Greece and Portugal, two countries engulfed by the European debt crisis, have turned to the World Bank for technical assistance, seeking advice from an institution focused on reducing global poverty, the lender’s president said.
The two governments have officially asked for the paid advice, though details are still being sorted out, Jim Yong Kim told reporters yesterday on the sidelines of the Group of 20 meetings in Mexico City. The bank’s expertise that could be useful includes improving the business environment and public expenditures, he said.

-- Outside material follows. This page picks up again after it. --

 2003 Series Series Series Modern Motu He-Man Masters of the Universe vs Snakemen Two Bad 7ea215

“We’re now in the middle of intense discussions to figure out just what we’re going to do,” said Kim, who is attending his first G-20 meeting of finance officials as World Bank president. “We’ve worked in so many different countries that have gone through these kinds of problems that we’re simply going to very humbly offer up our experience of what other places have done.”
While the advice comes with no loan attached, it is still a new avenue for the Washington-based World Bank, which usually provides money and assistance to developing and middle-income countries. By offering help to Greece on his first work day in July, Kim distinguished himself from his predecessor, Robert Zoellick, who had said he tried to keep some distance from the country that’s now receiving a second bailout package.

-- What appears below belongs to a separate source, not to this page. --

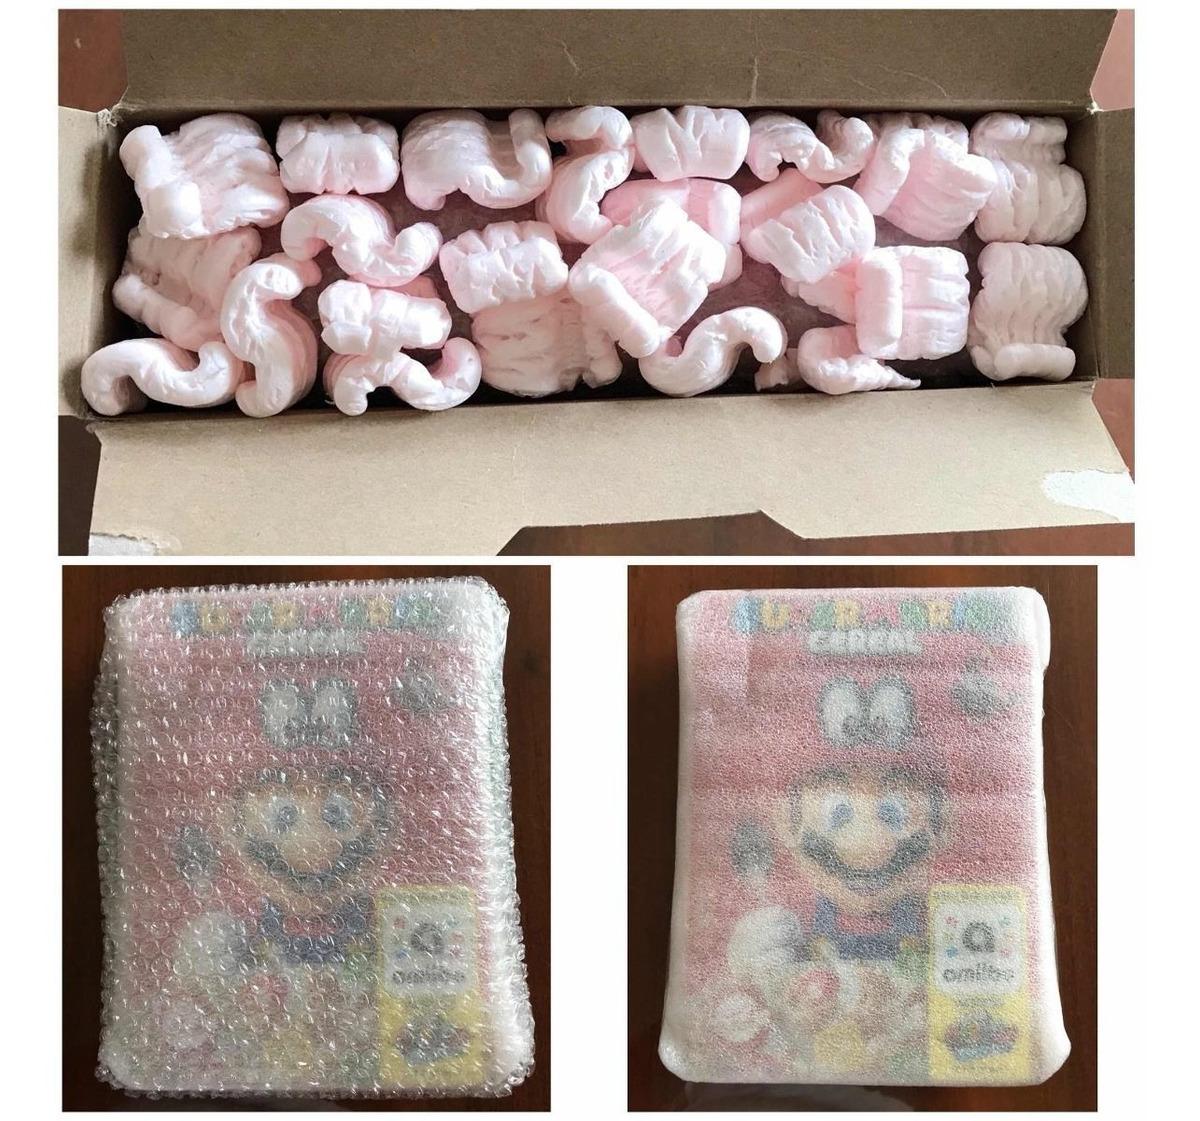 2 Amiibo Cereal Super Mario Odyssey Nintendo Kellogs Combo

The bank was created at the end of World War II to help rebuild Europe. Now focused on developing countries, it lends for everything from building roads to supporting education policies, and has expanded its scope to taking stakes in companies and guaranteeing investments.
Kim compared the advice to the two European nations to the expertise given to South Korea in the late 1990s.
“We simply have a range of experiences as a global bank that we think might be helpful and we’re happy to see that Greece and Portugal also think it might be helpful,” he said.